#### TASK BRIEF
In the records below, reproduce exactly the lines from the one containing "10. Free Traffic" through the one containing "Local handicrafts, Tallinn, Estonia", both included, and omit the pictures.

#### DATA FOR REVIEW

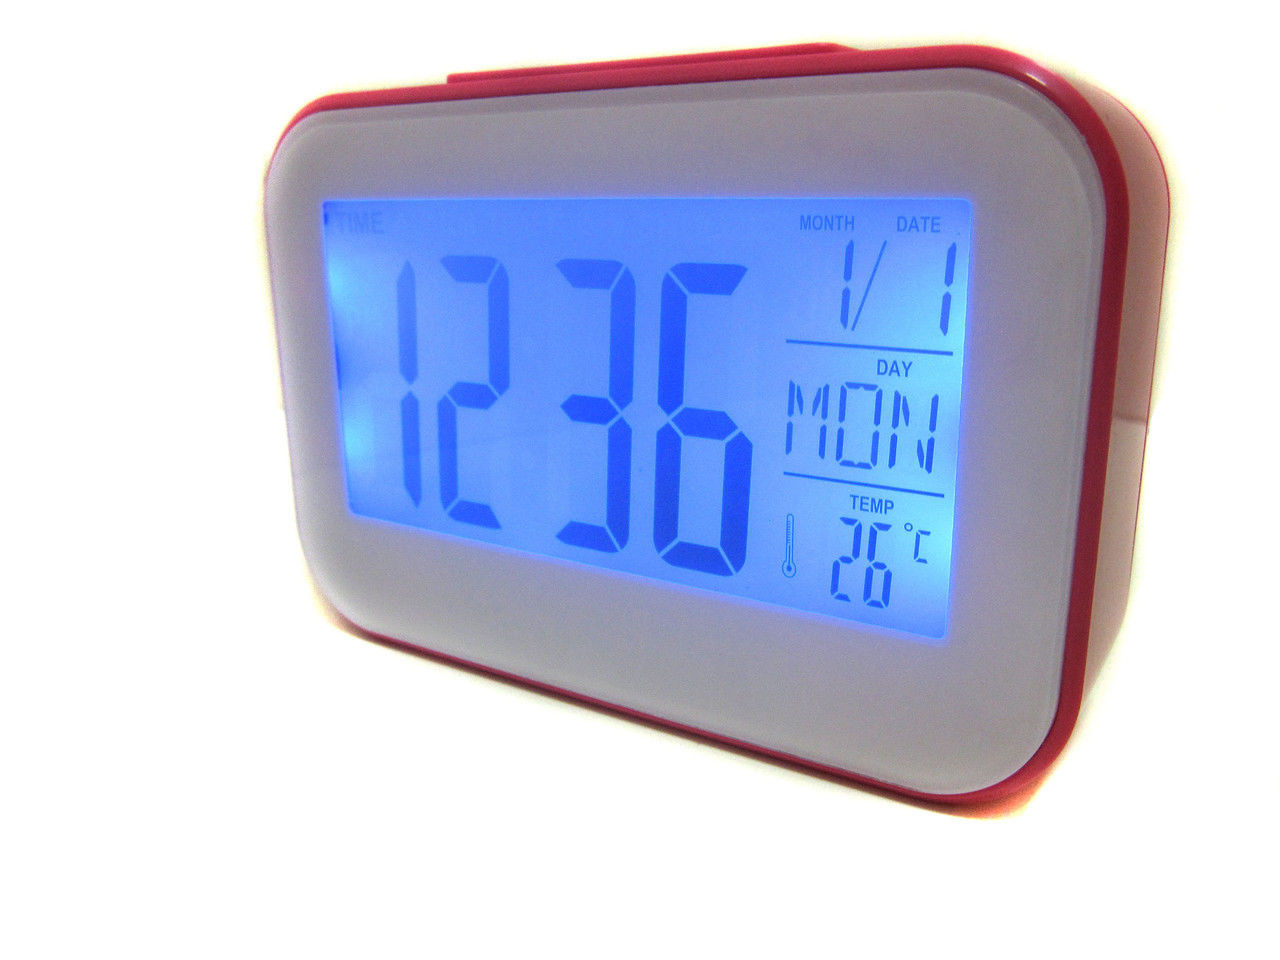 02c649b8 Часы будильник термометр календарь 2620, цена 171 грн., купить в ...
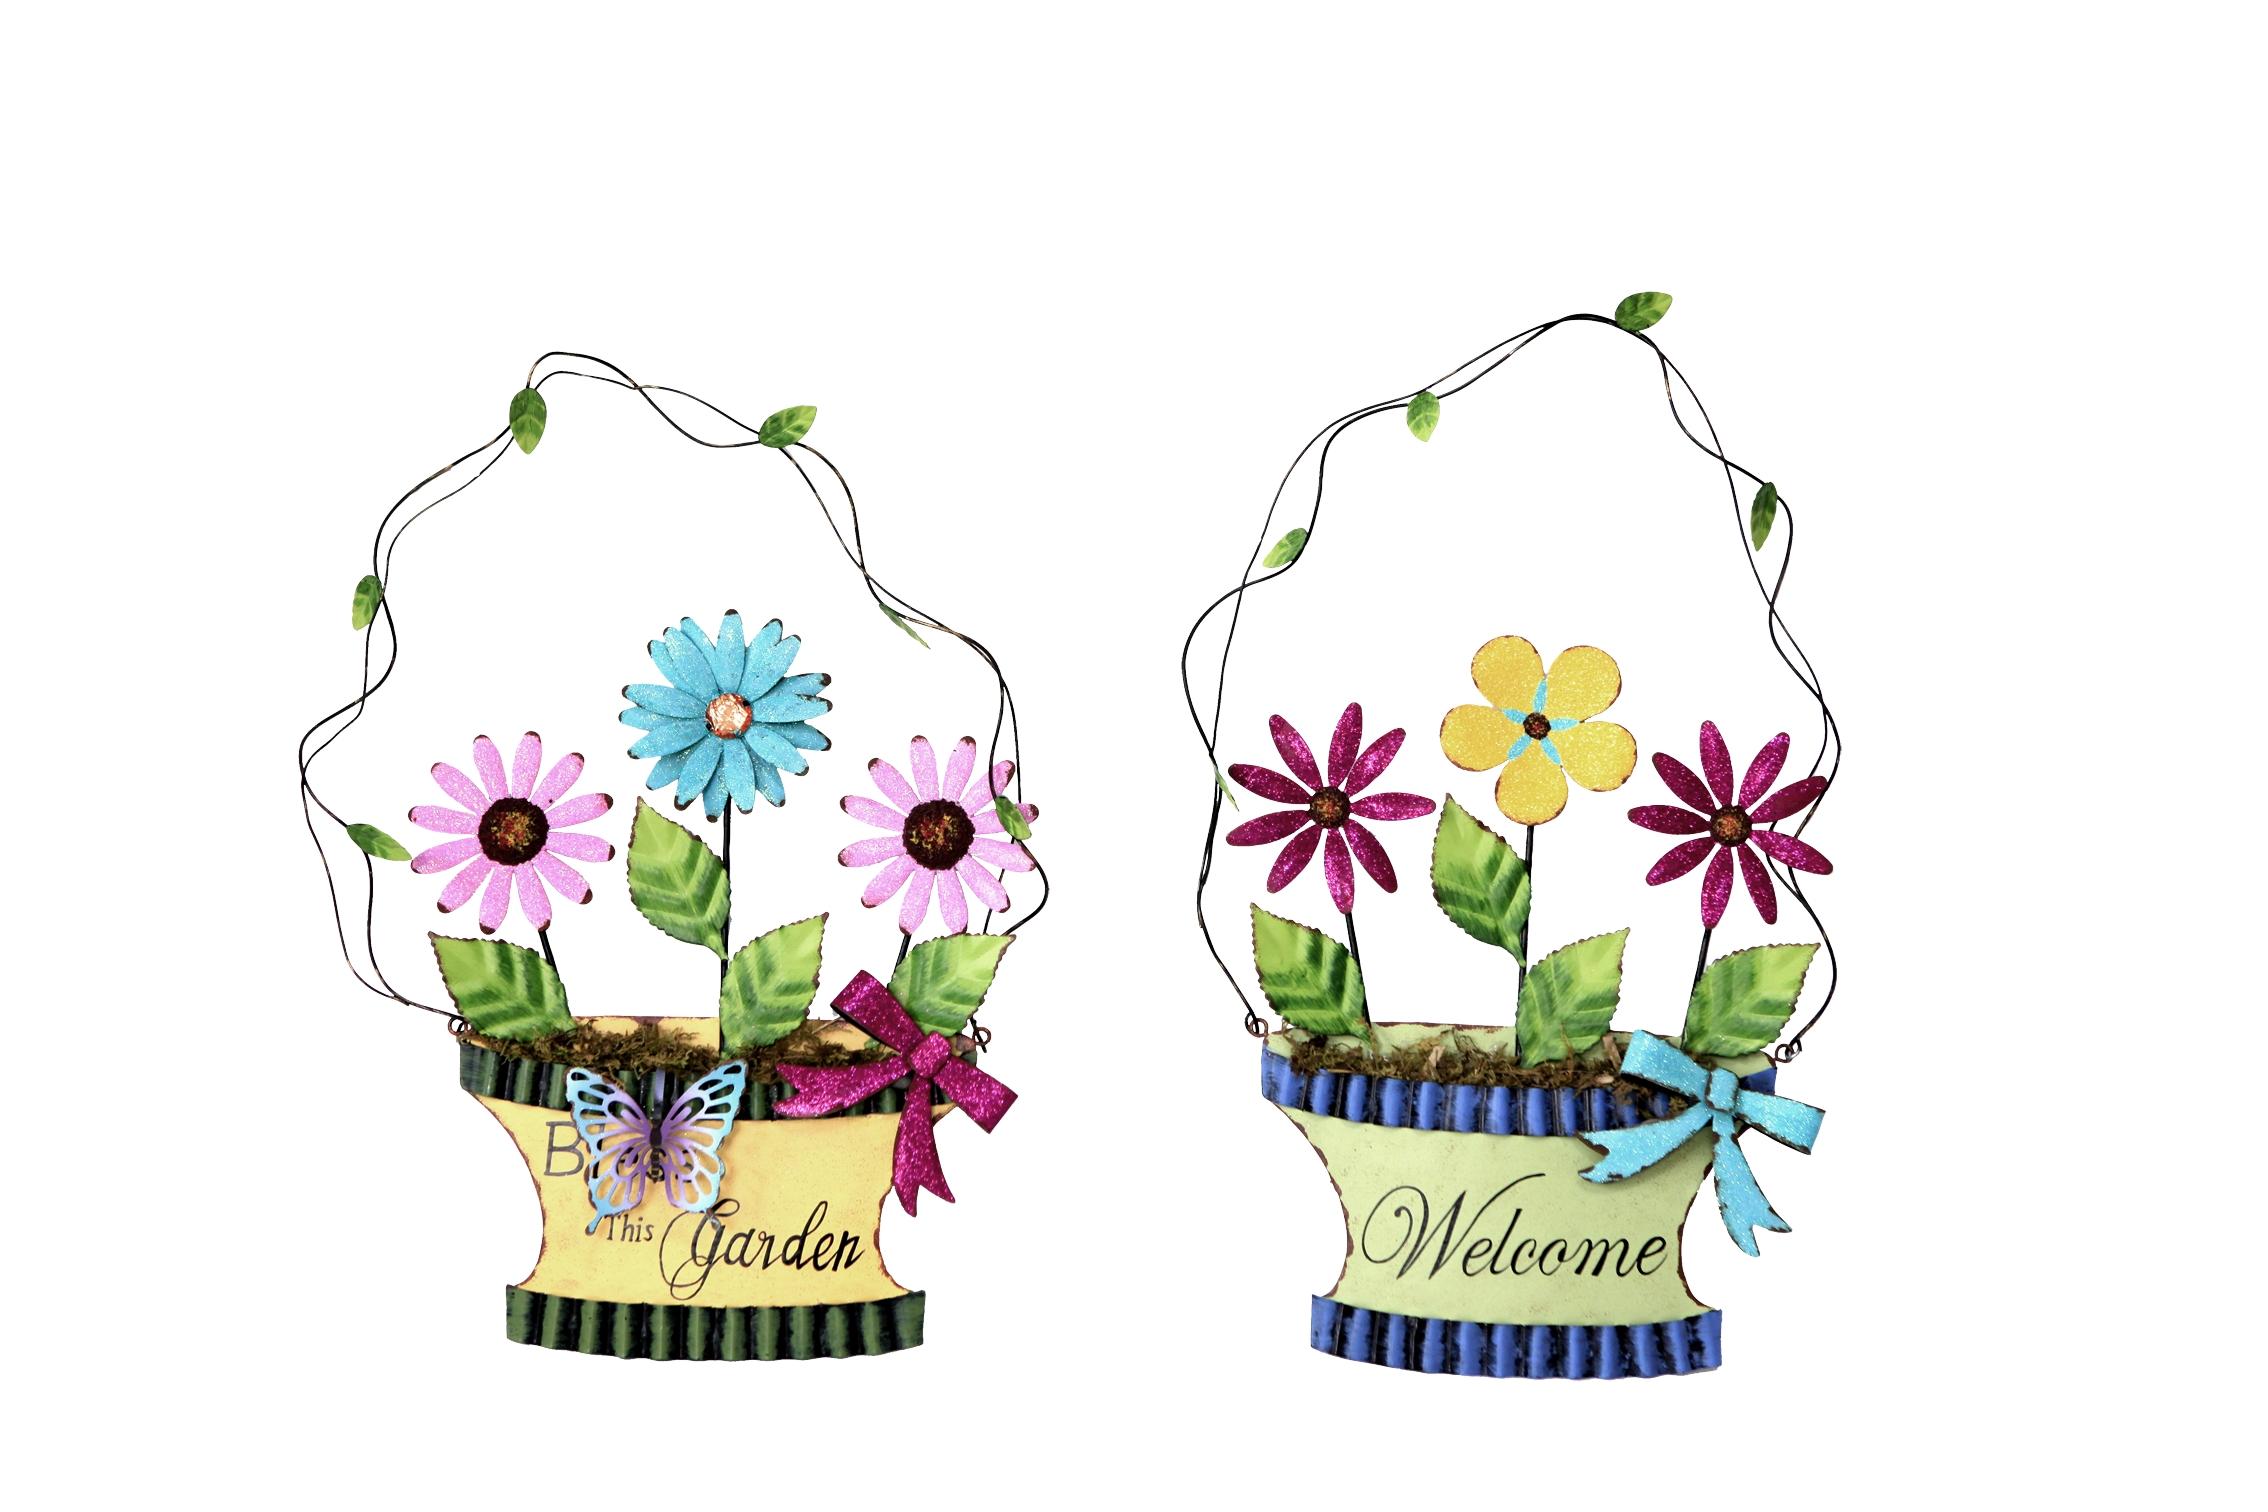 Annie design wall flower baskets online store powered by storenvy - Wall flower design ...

...

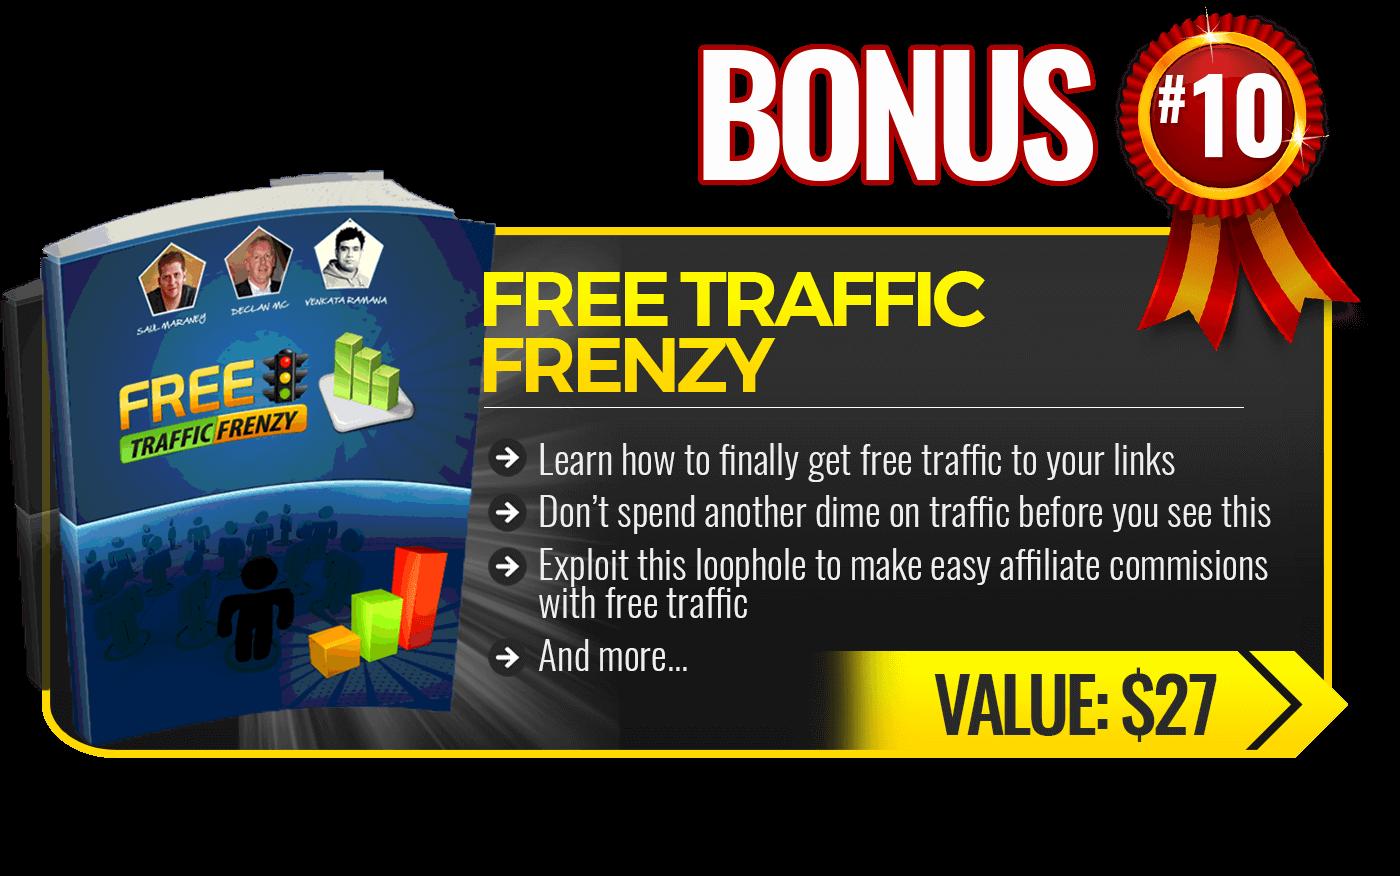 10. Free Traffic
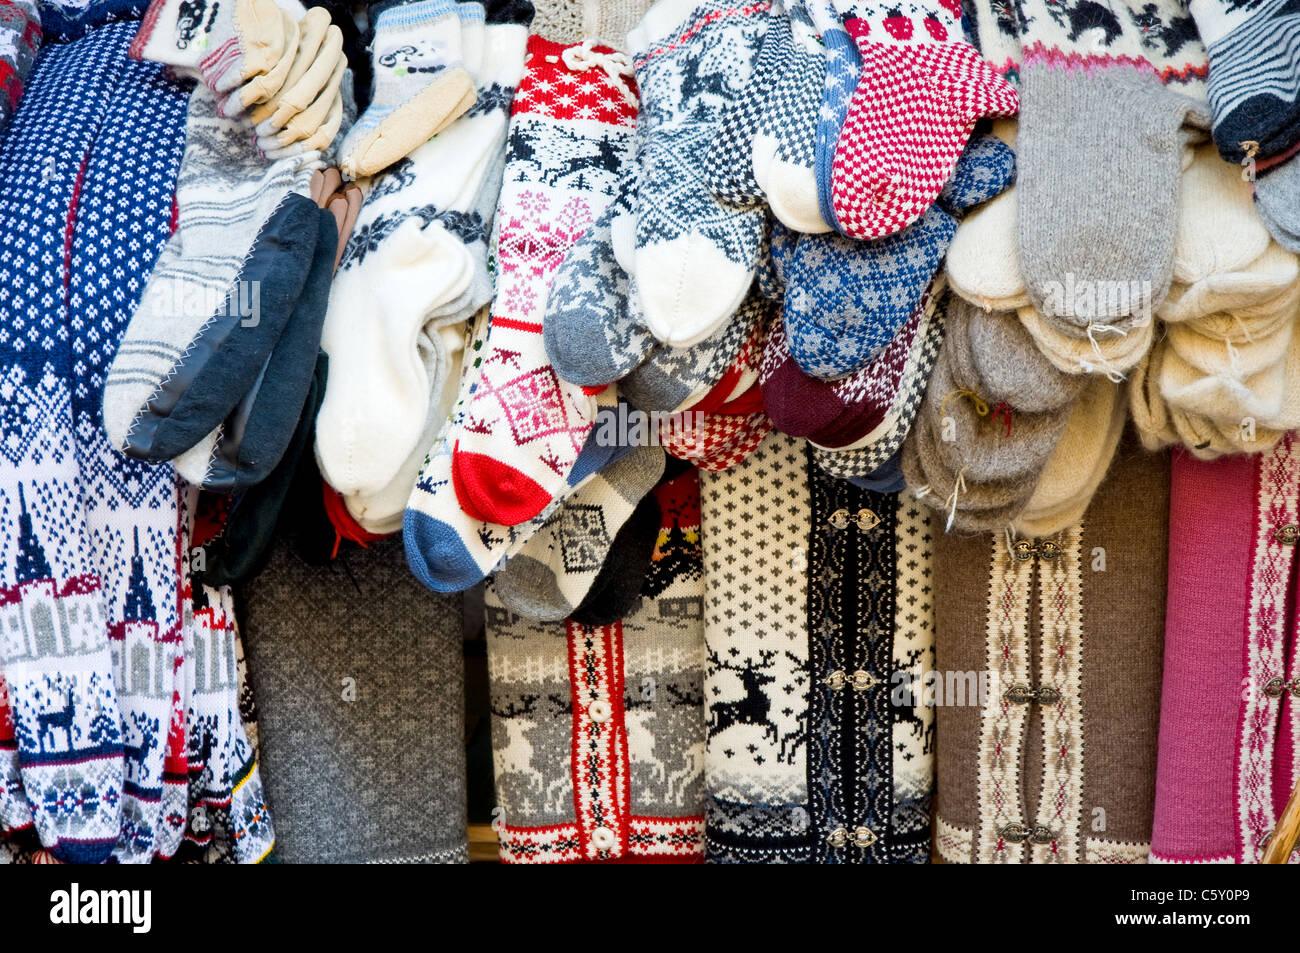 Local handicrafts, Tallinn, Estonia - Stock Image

* * *

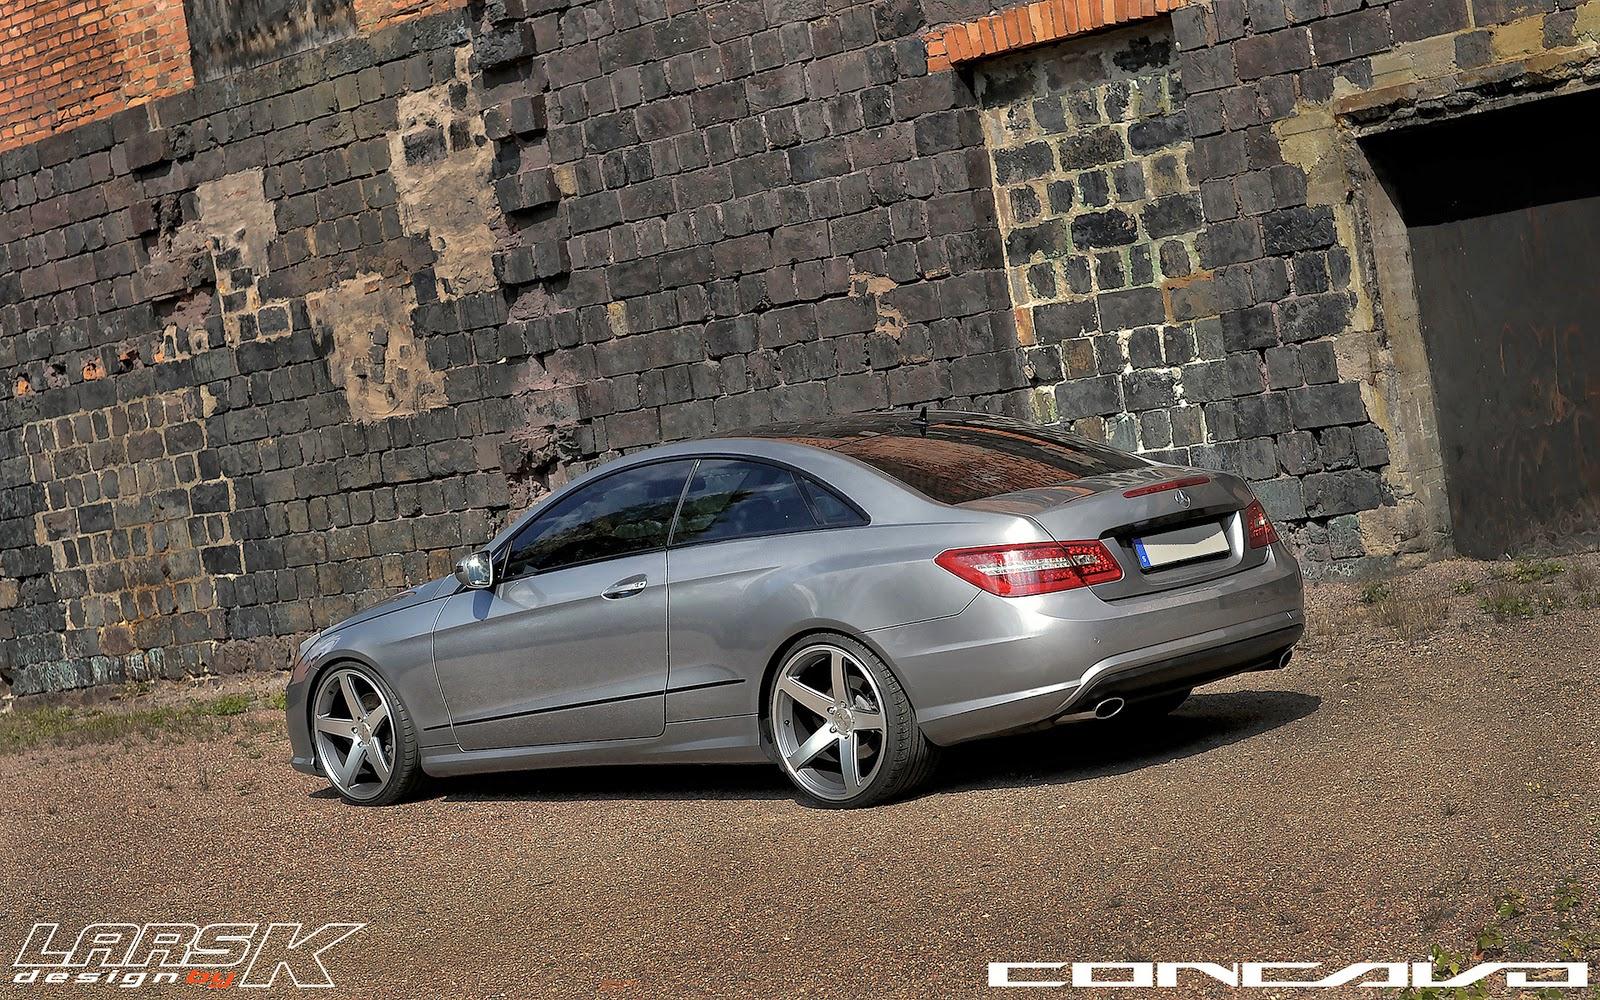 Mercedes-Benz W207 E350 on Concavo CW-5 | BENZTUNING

#### SOLVED EXERCISE
 10. Free Traffic
 Local handicrafts, Tallinn, Estonia - Stock Image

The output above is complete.